# Exercise aim
Copy exactly the lines starting at the one that contains "Read online Usagi" and running through the end of the material below. Exclude any pictures.

[Opening Source material section]

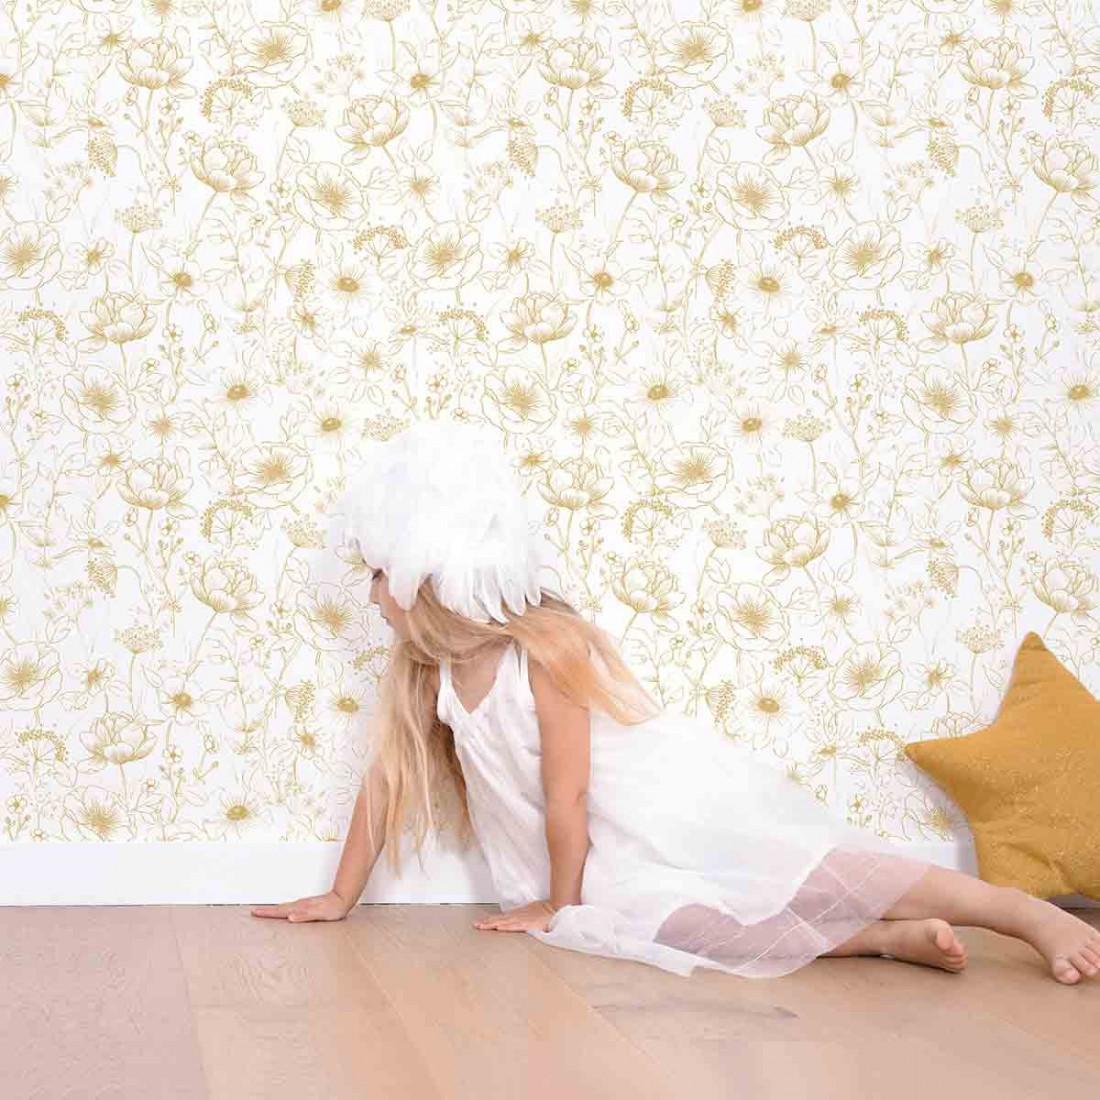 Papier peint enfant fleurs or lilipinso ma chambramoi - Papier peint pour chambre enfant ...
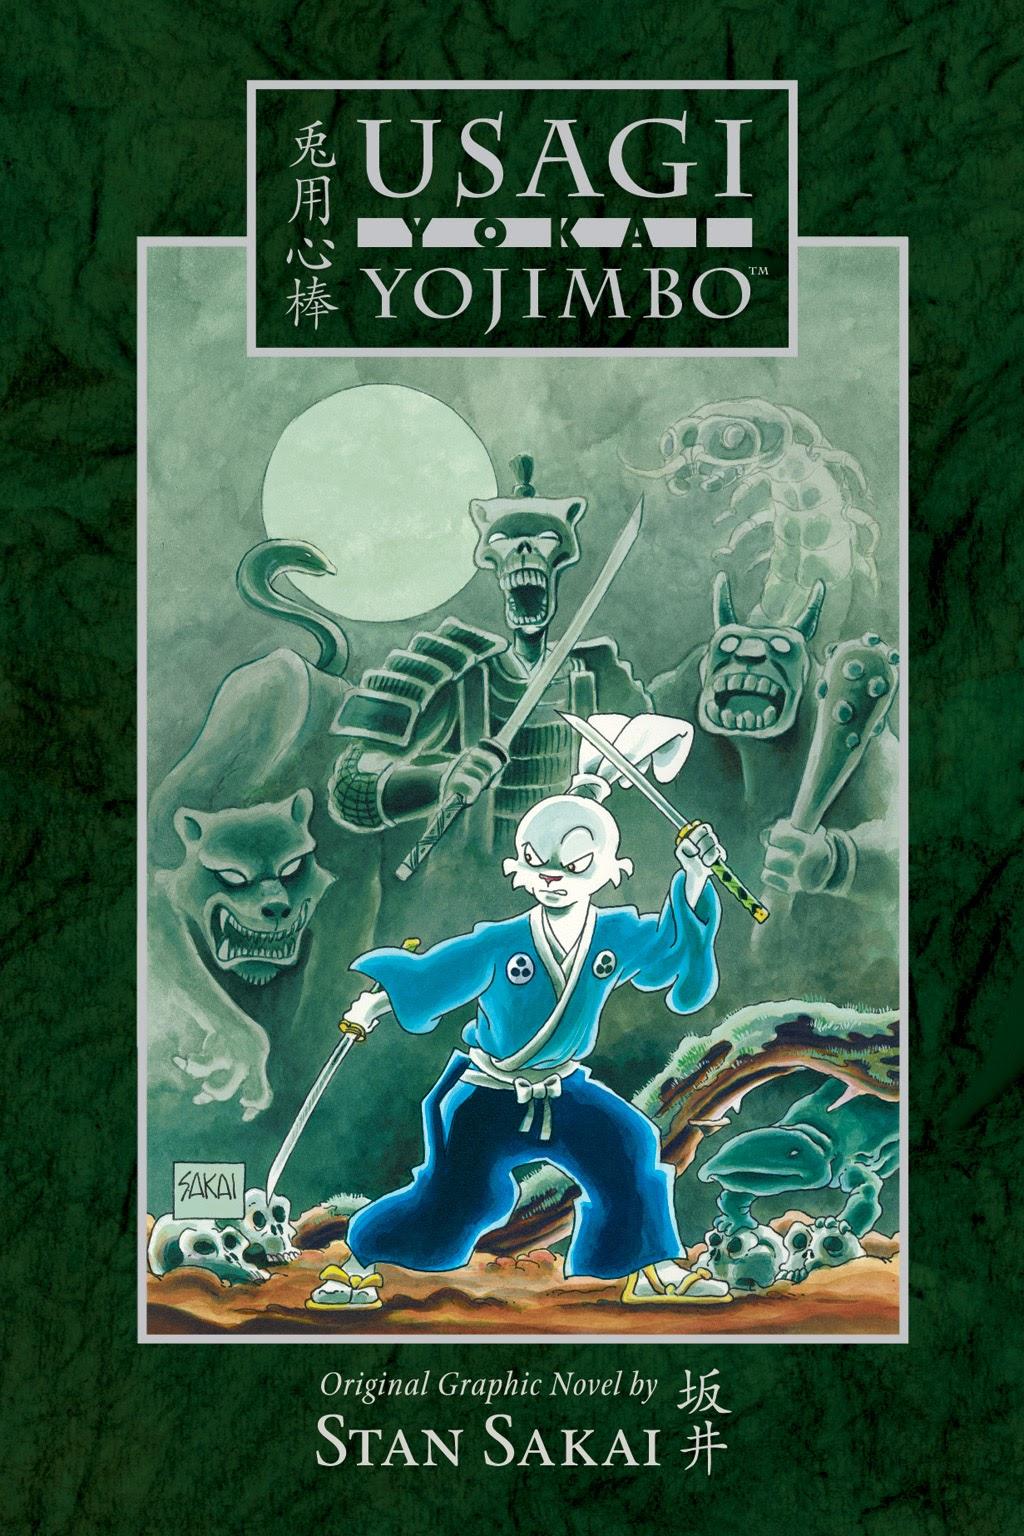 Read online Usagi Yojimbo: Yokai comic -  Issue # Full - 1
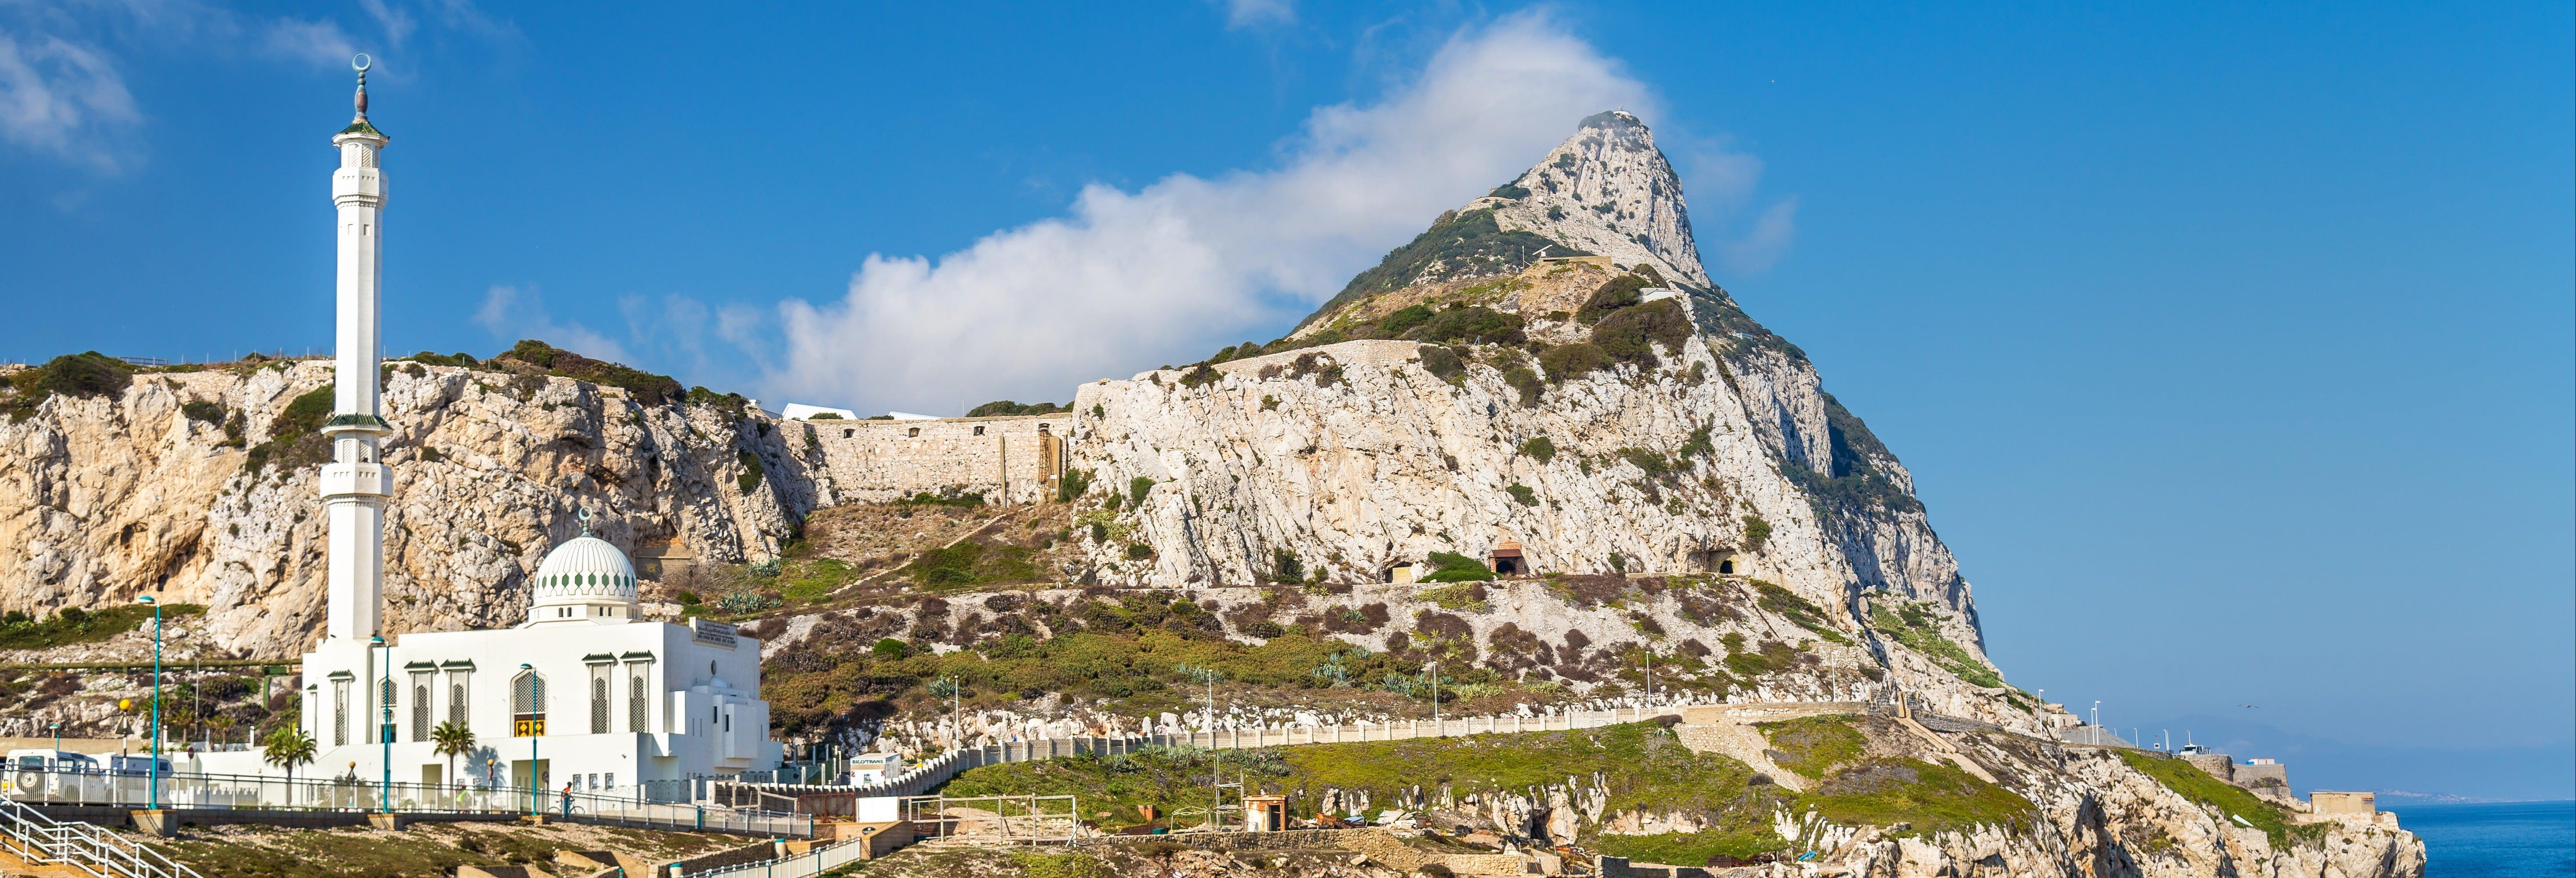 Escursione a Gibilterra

[Closing Source material section]

# Output
 Read online Usagi Yojimbo: Yokai comic -  Issue # Full - 1
 Escursione a Gibilterra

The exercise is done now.